§ **REQUIRED WORK**: Without the pictures, set down exactly the lines from the one that contains "This vintage striped" to the end of the entries, both included, and nothing besides.

§ **RECORD EXCERPTS**:
========
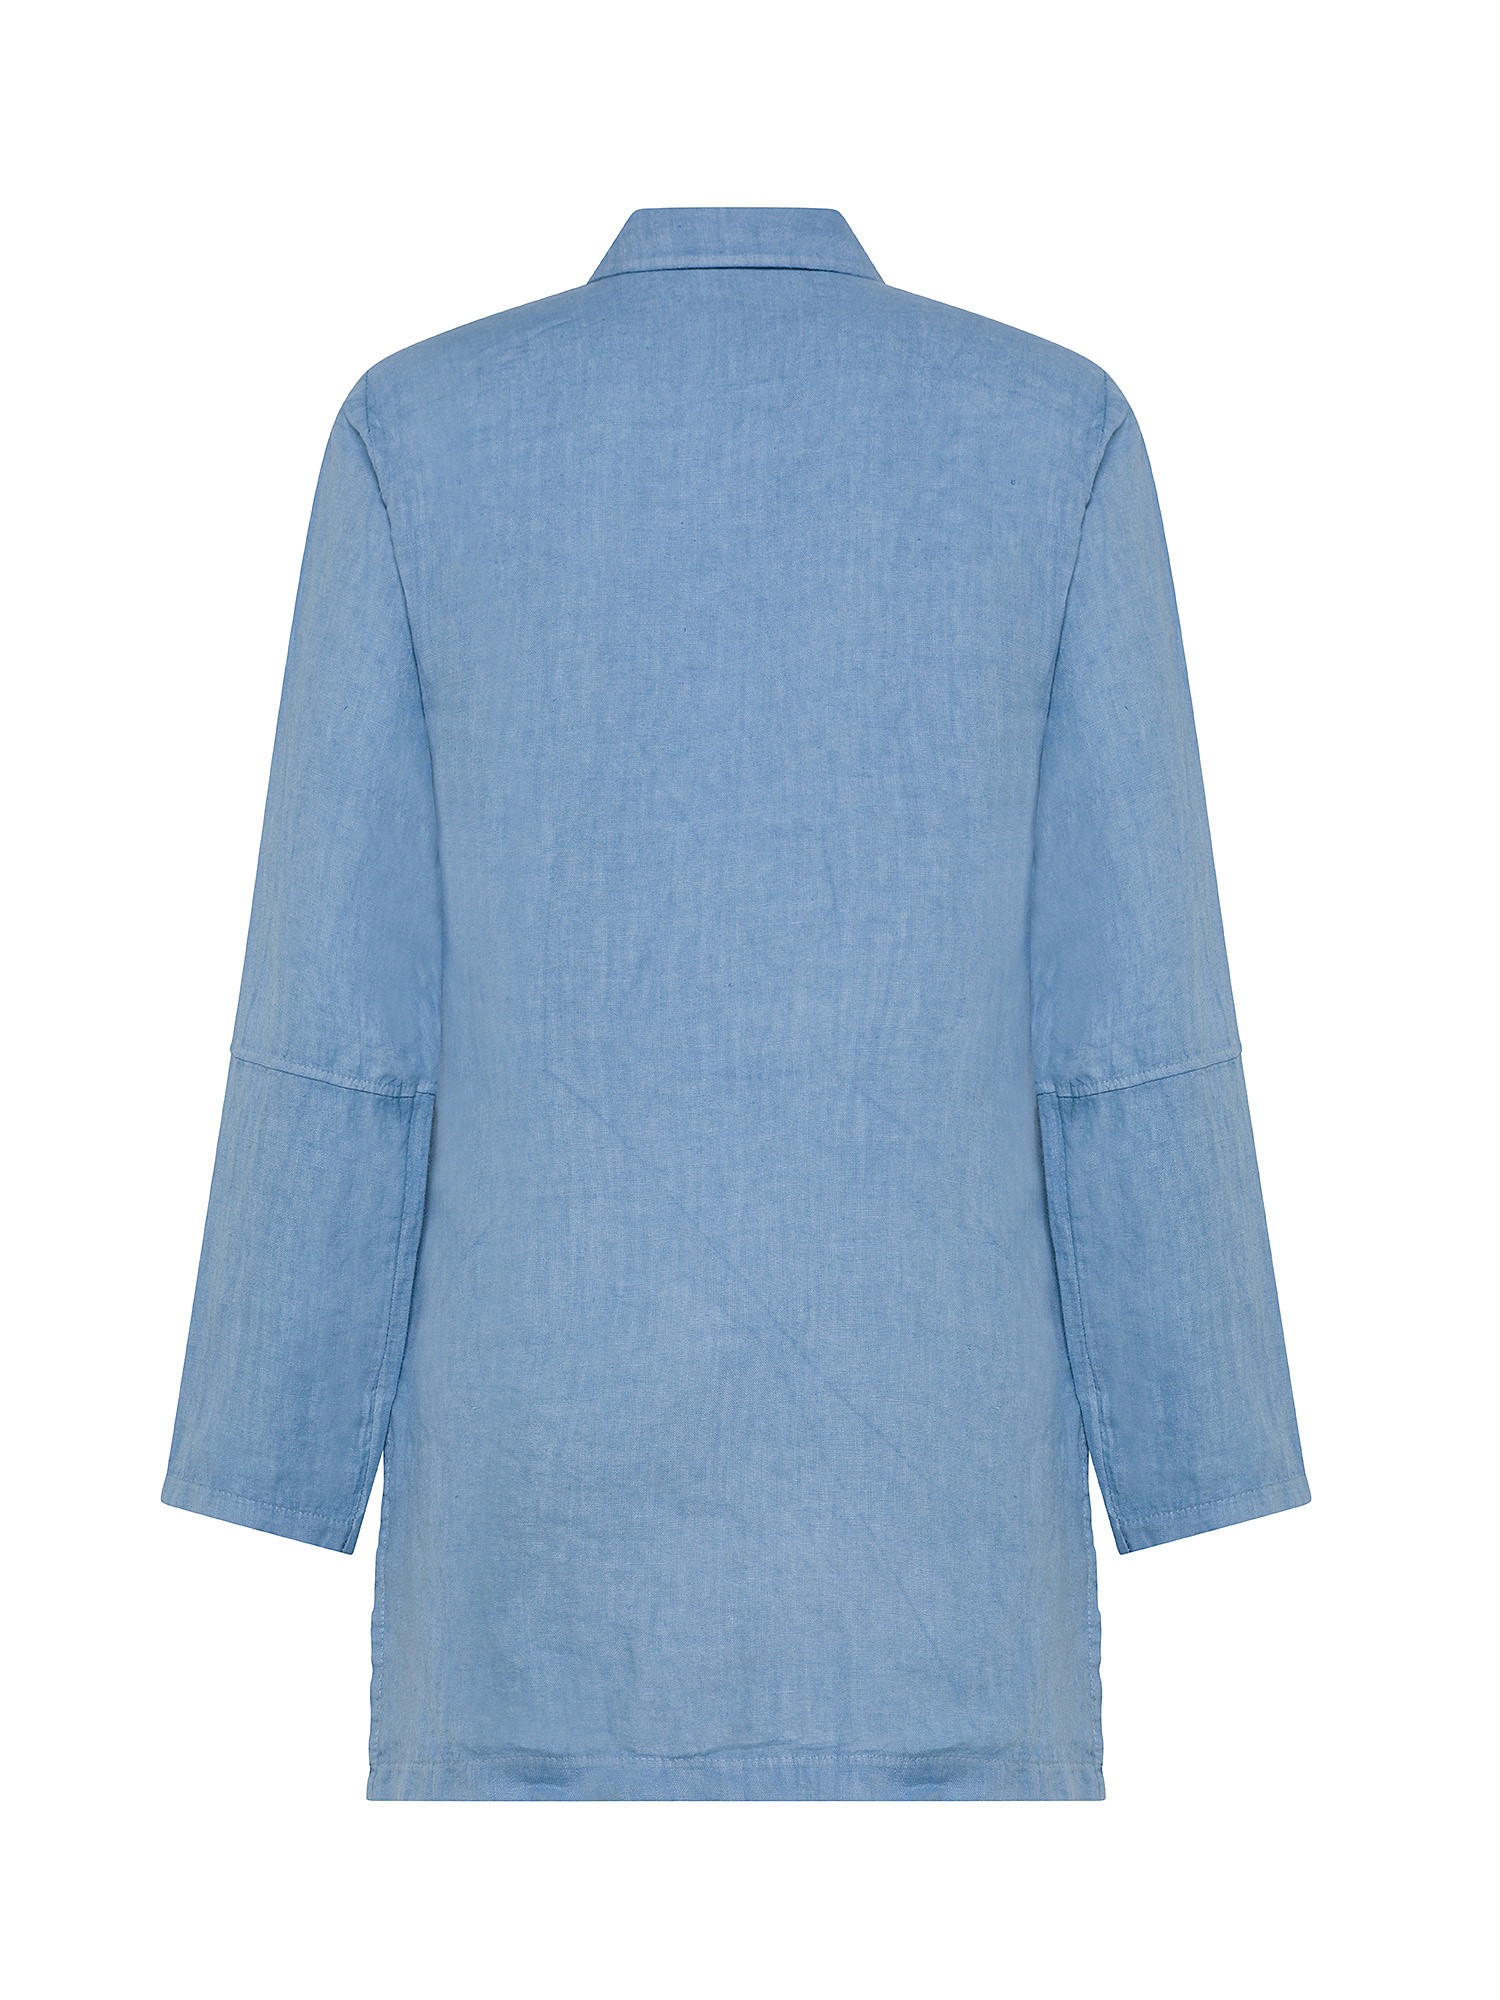 Koan - Long linen shirt, Denim, large image number 1
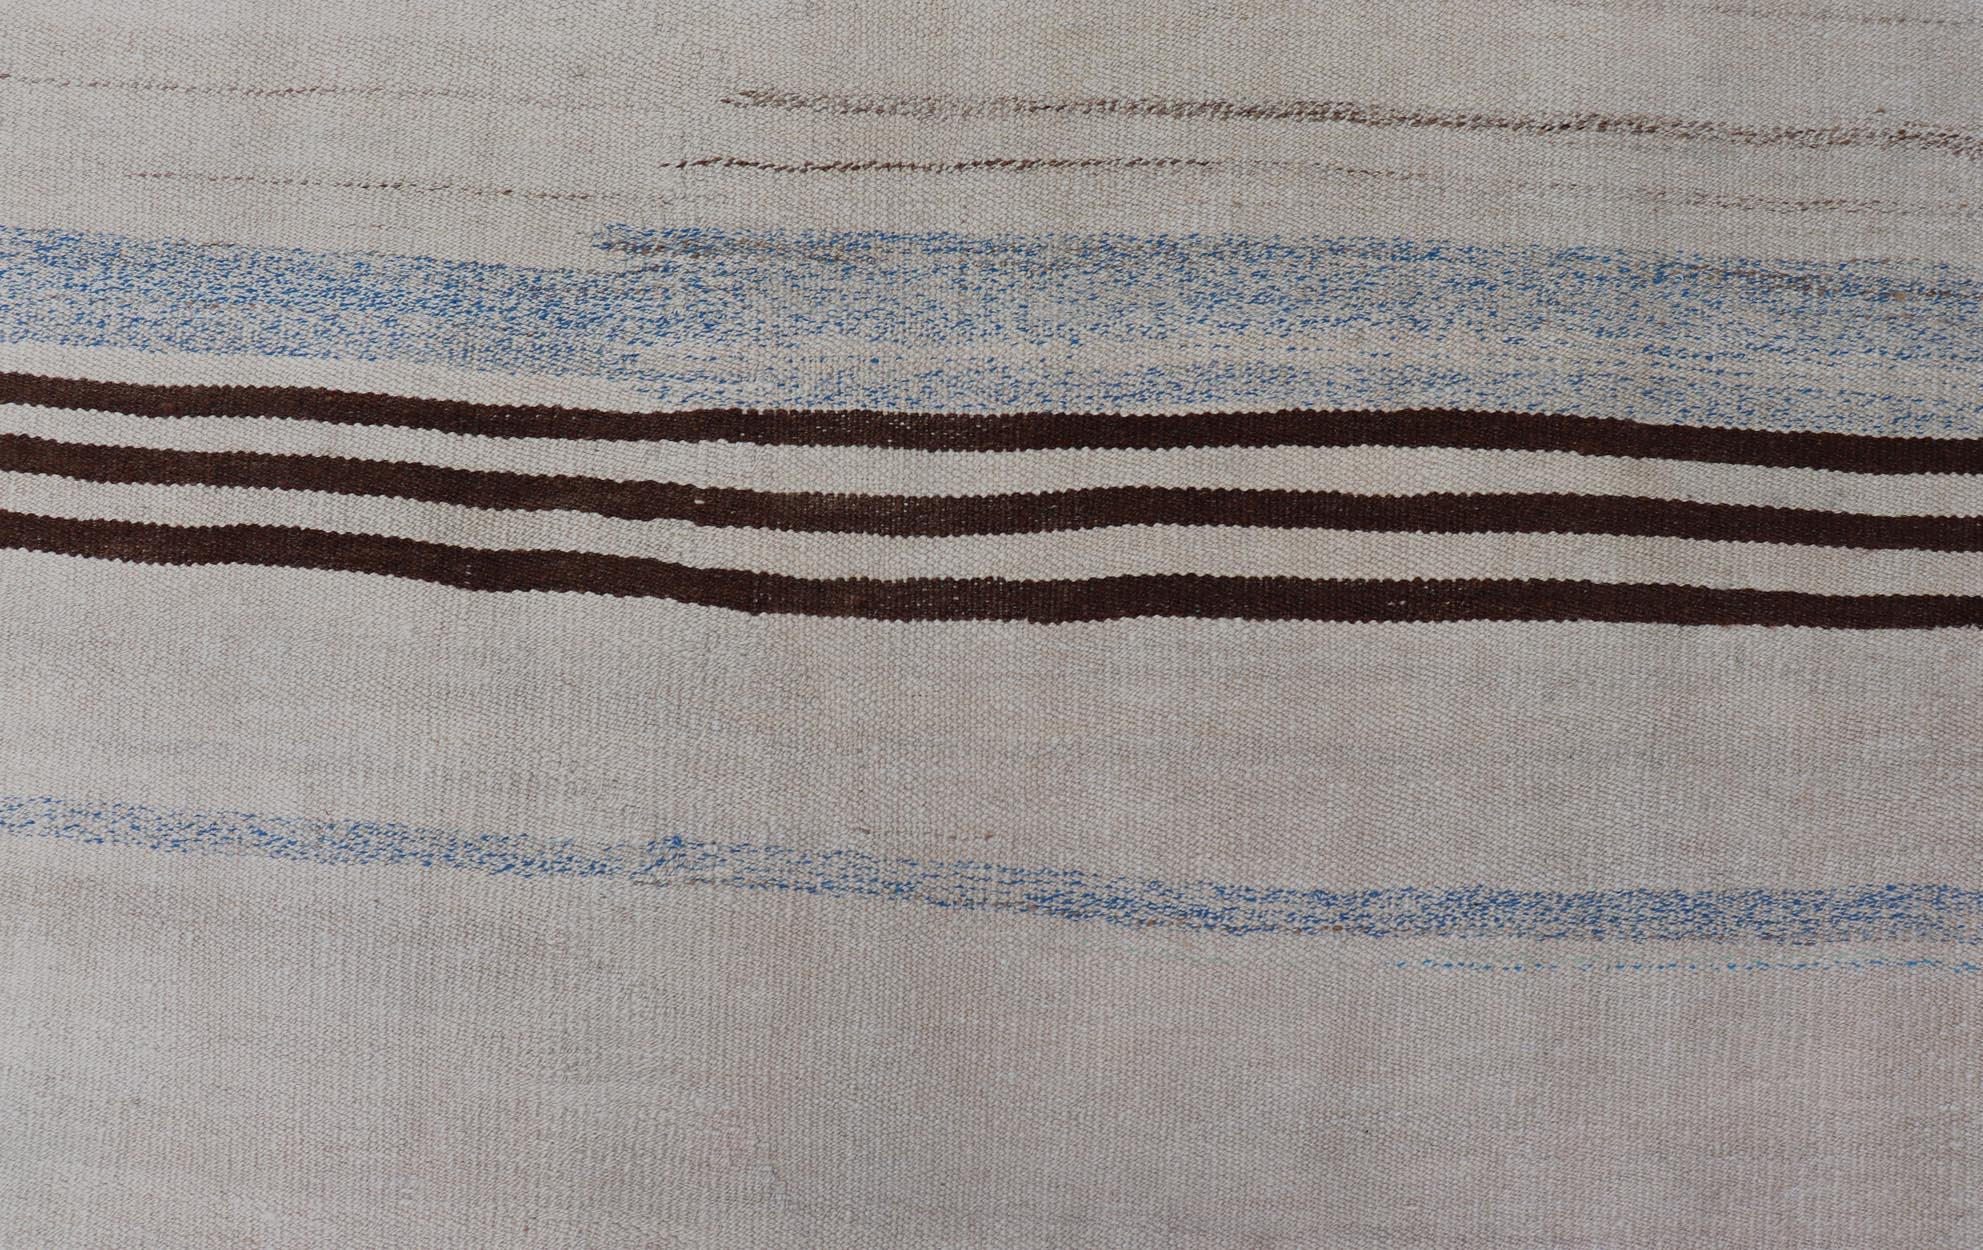 Striped Turkish Vintage Kilim Flat-Weave Rug in Brown's and Ivory. Keivan Woven Arts / rug EN-15167, country of origin / type: Turkey / Kilim, circa 1950
Measures: 5'0 x 7'0 
This vintage striped design Kilim from Turkey rendered in shade of brown's
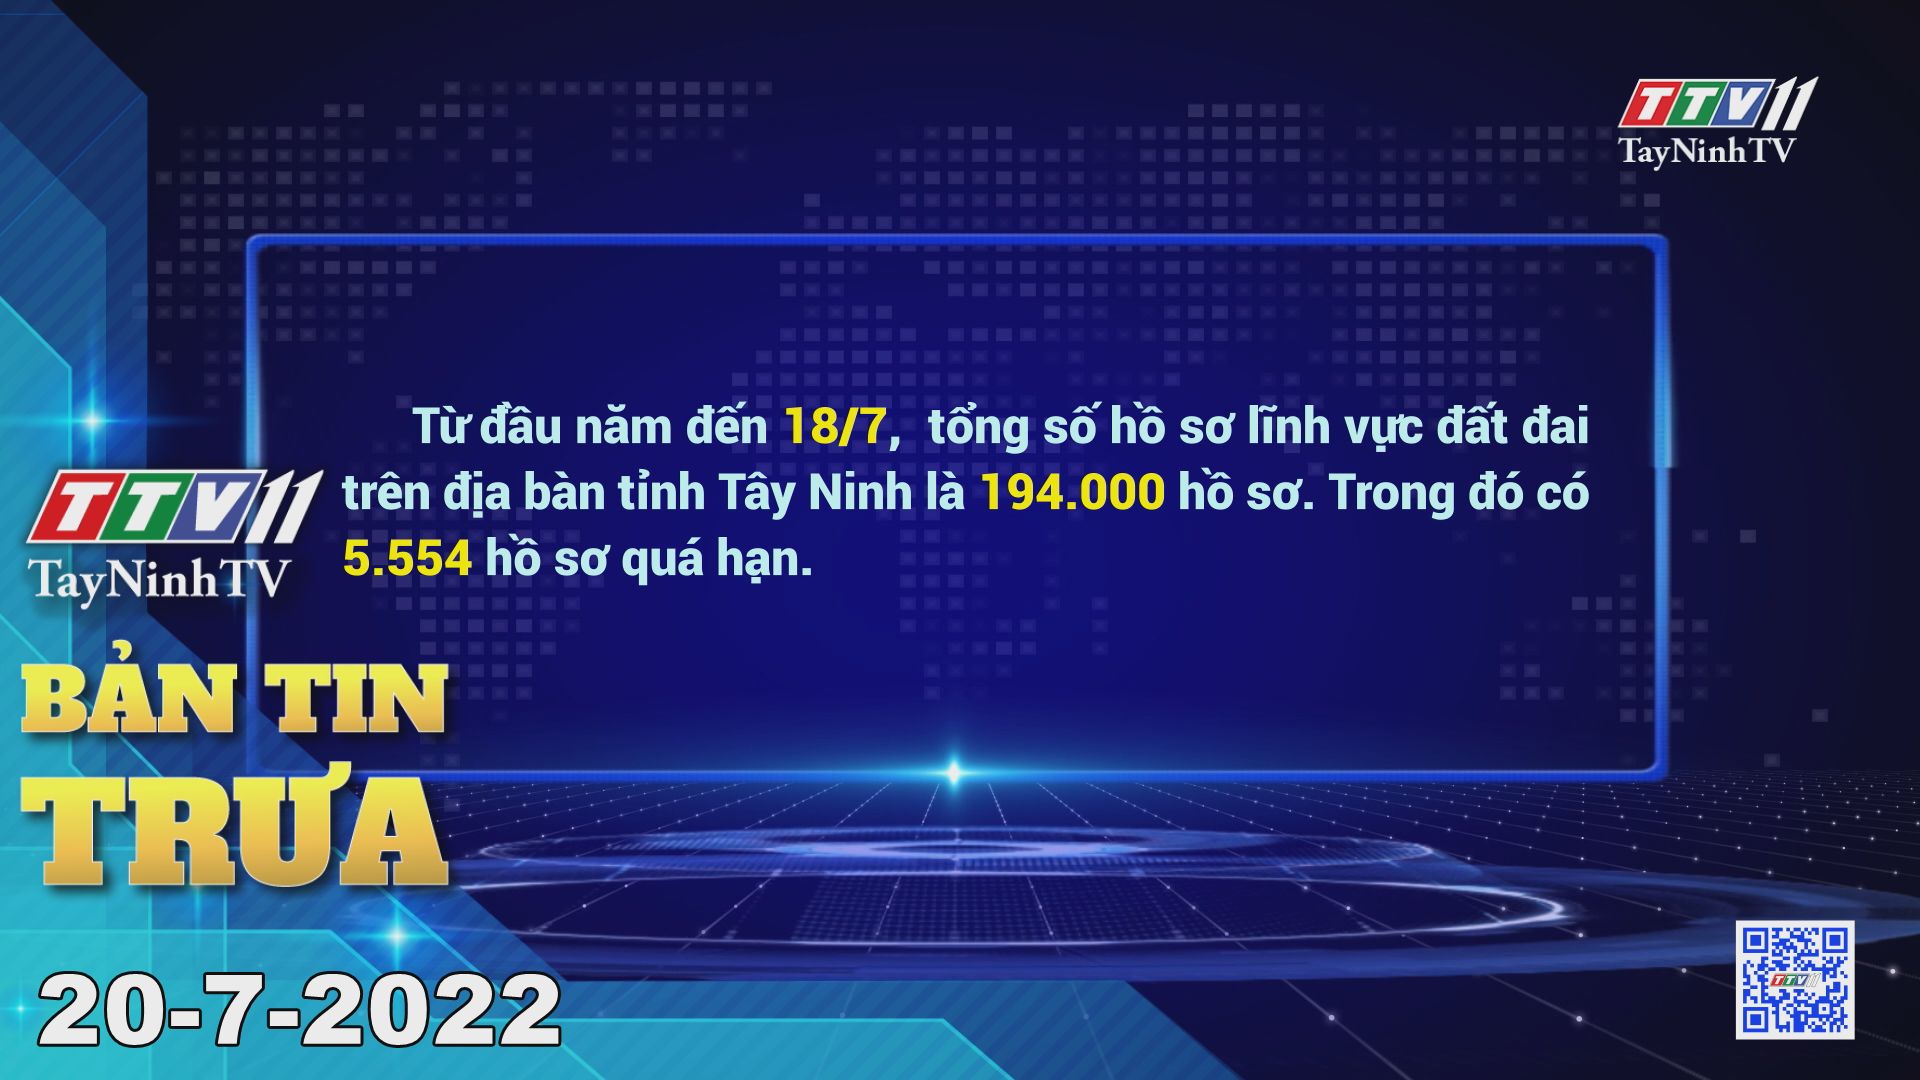 Bản tin trưa 20-7-2022 | Tin tức hôm nay | TayNinhTV
========
§ **TASK RESPONSE**:
This vintage striped design Kilim from Turkey rendered in shade of brown's
 Bản tin trưa 20-7-2022 | Tin tức hôm nay | TayNinhTV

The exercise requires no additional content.